As the aversion to this kind of waste increases, so too does the desire for increased coordination ahead of time in order to better facilitate the handoffs and decrease the risk of things going back upstream.

Priority ambiguity

Handoffs invite ambiguity regarding priority and make it unclear what the top priority actually is, unless only one thing is allowed to be in a phase at any given time (which would require a lack of passbacks). Even if you always drop what you’re doing when the true top priority comes through, you still have to context switch back to it, and then again after you finish back to whatever it was you were doing before.

Power dynamics

The power dynamics change, favoring those upstream over those downstream. Since the whole system is based on the notion that work is to either make it through without issue, or go back upstream if issues are found, there’s a built-in excuse for those upstream when their work is revealed to be less than perfect. This lets them push subpar work downstream to whatever end they desire. For example, “isn’t that what QA is for?” or “this is why we asked the engineer if this made sense before they started implementing it.”
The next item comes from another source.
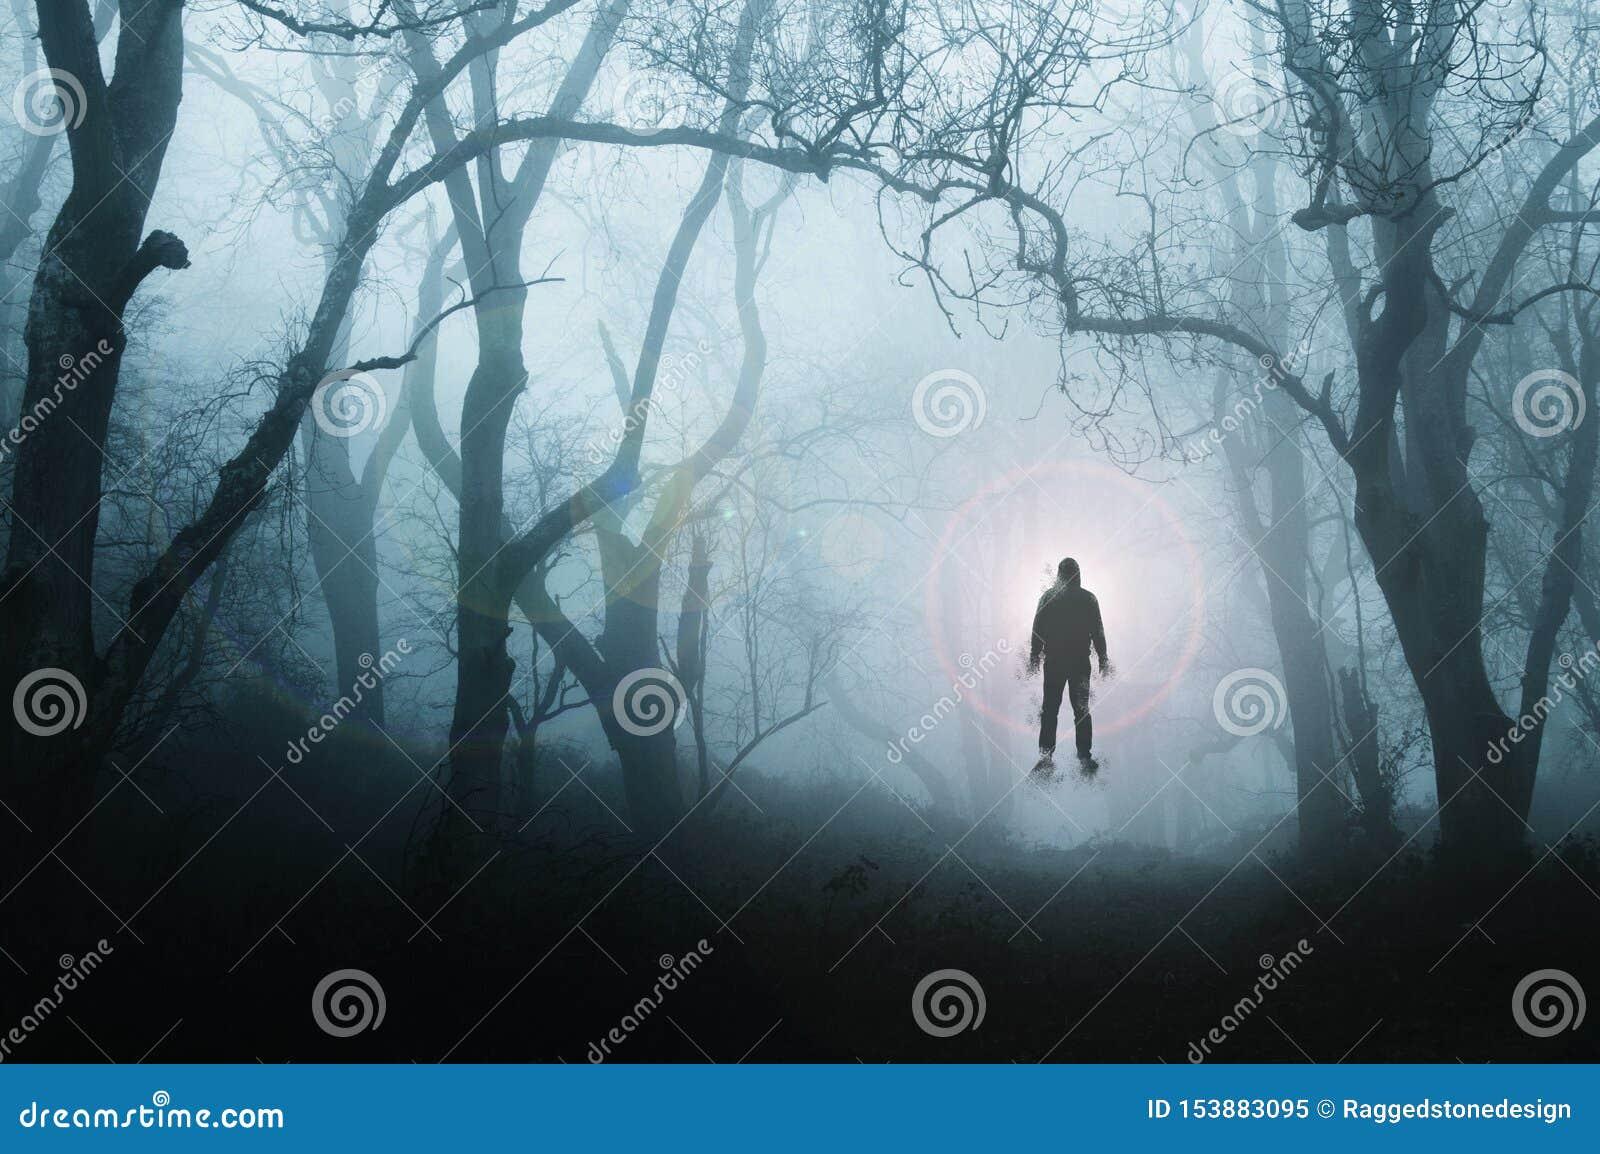 Een griezelig, angstaanjagend bos in de winter, met een mens die tegen een helder licht, met de bomen drijft die door mist worden

It’s simply easier for those upstream to come up with excuses, than those downstream.

Some organizations try to combat this by encouraging those downstream to push back and say “no”, but they also often undercut this directive with competing directives. For example, “I’m not looking for something perfect. We need something just good enough.” or “we have to hit these deadlines.” They may also undermine it by using KPIs or rewarding workers for “getting it done” rather than saying “no”. Or it could simply be undercut by giving everyone the impression that everyone should always be working.

Increased pressure

Regardless of the nature of the dynamics, the fact remains that in a phased development process, where work flows downstream but can also feed back upstream, the pressure will continue to increase over time on those downstream.

This in turn leads to higher rates of stress, burnout, and depression as people struggle more and more to keep up.

Some organizations might try to hire more people and place them downstream to compensate, but this only slows down the inevitable in a best case scenario, and accelerates it in a worst case scenario. It also doesn’t scale linearly, even if management is willing to accept the increase in turnover it leads to.

Increased stress also means increased cortisol levels, which means people also literally get less creative, as their brains resort to old habits, rather than trying new things.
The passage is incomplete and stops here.